Cardinal Stanislaw Dziwisz, the archbishop of Krakow and John Paul's longtime personal secretary, said he was thrilled at the news. He said he was "happy" that the wish for "santo subito, that people have been praying for, is finally coming true."

John Paul's 26-year papacy was full of milestones. In 1979, as Cardinal Karol Wojtyla of Krakow, he became the first non-Italian to become pope in four centuries. He was the first pope to visit a mosque and a synagogue, and on his watch the church issued its first new catechism in nearly 500 years. In 2000, he asked pardon for the church's sins against Jews, women, heretics and minorities.

His popularity grew after he survived an assassination attempt by a Turkish gunman in 1981, and in his later years, his slow decline from Parkinson's disease was seen as a poignant example of one man facing death without fear.

But some dark clouds hang over his papacy.

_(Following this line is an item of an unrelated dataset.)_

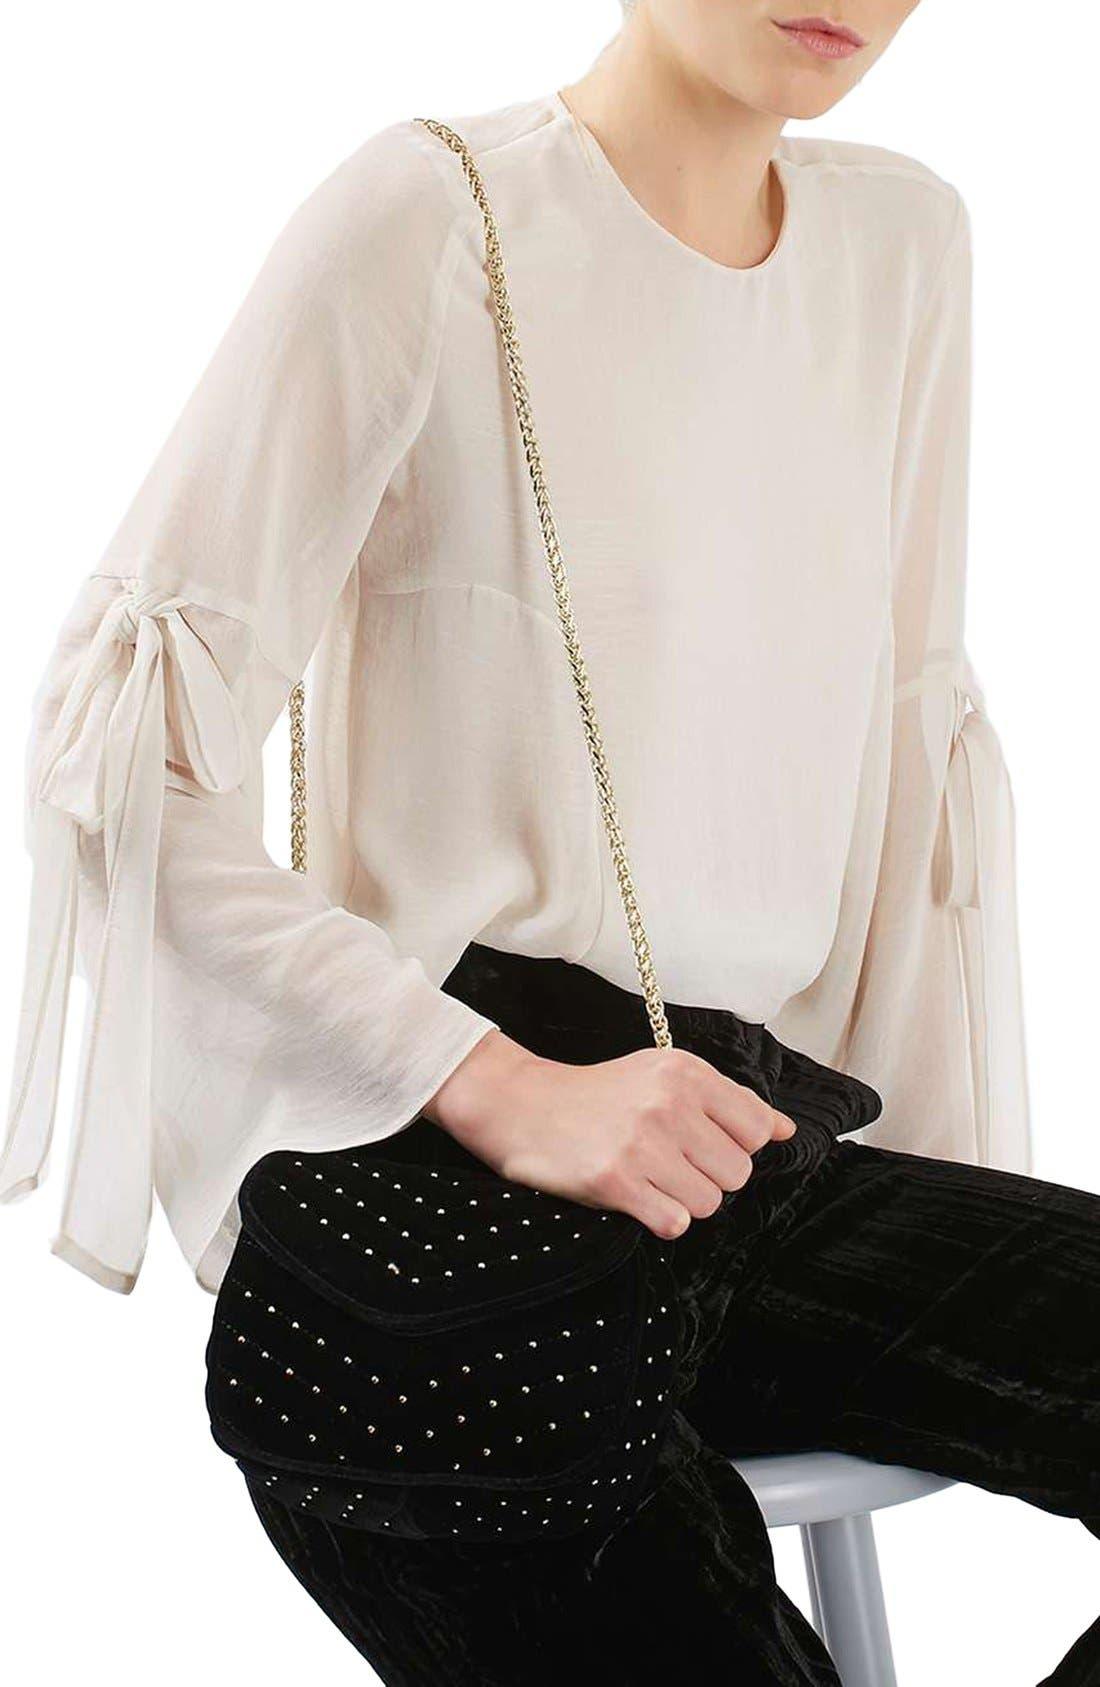 TOPSHOP, Embellished Velvet Crossbody Bag, Alternate thumbnail 3, color, 001

John Paul was supportive of the Rev. Marcial Maciel Degollado, a Mexican priest who founded a powerful religious order, the Legionaries of Christ, and who was found to have abused seminarians and fathered several children.

At the height of the abuse scandal last spring, Benedict's defenders said that when he lead of the Vatican's doctrinal and disciplinary office, Benedict wanted to open an investigation into Father Maciel, but that cardinals close to John Paul blocked him. The Vatican reopened an investigation into the Legionaries of Christ in 2004, when John Paul was in serious decline. Last May, the Vatican strongly condemned Father Maciel, who died in 2008, and placed the Legion under Benedict's direct control.

Defenders of John Paul said he was dismissive of early reports of abuse by priests because he considered it a tactic used by the Communist Party in Eastern Europe to weaken the church.

The news of the beatification was warmly received in his native Poland.

"I remember kneeling beside his open coffin in St. Peter's Basilica," said Kazimierz Nycz, the archbishop of Warsaw. "It never even crossed my mind to pray for him. I've always prayed directly to him. I've always known he is a saint."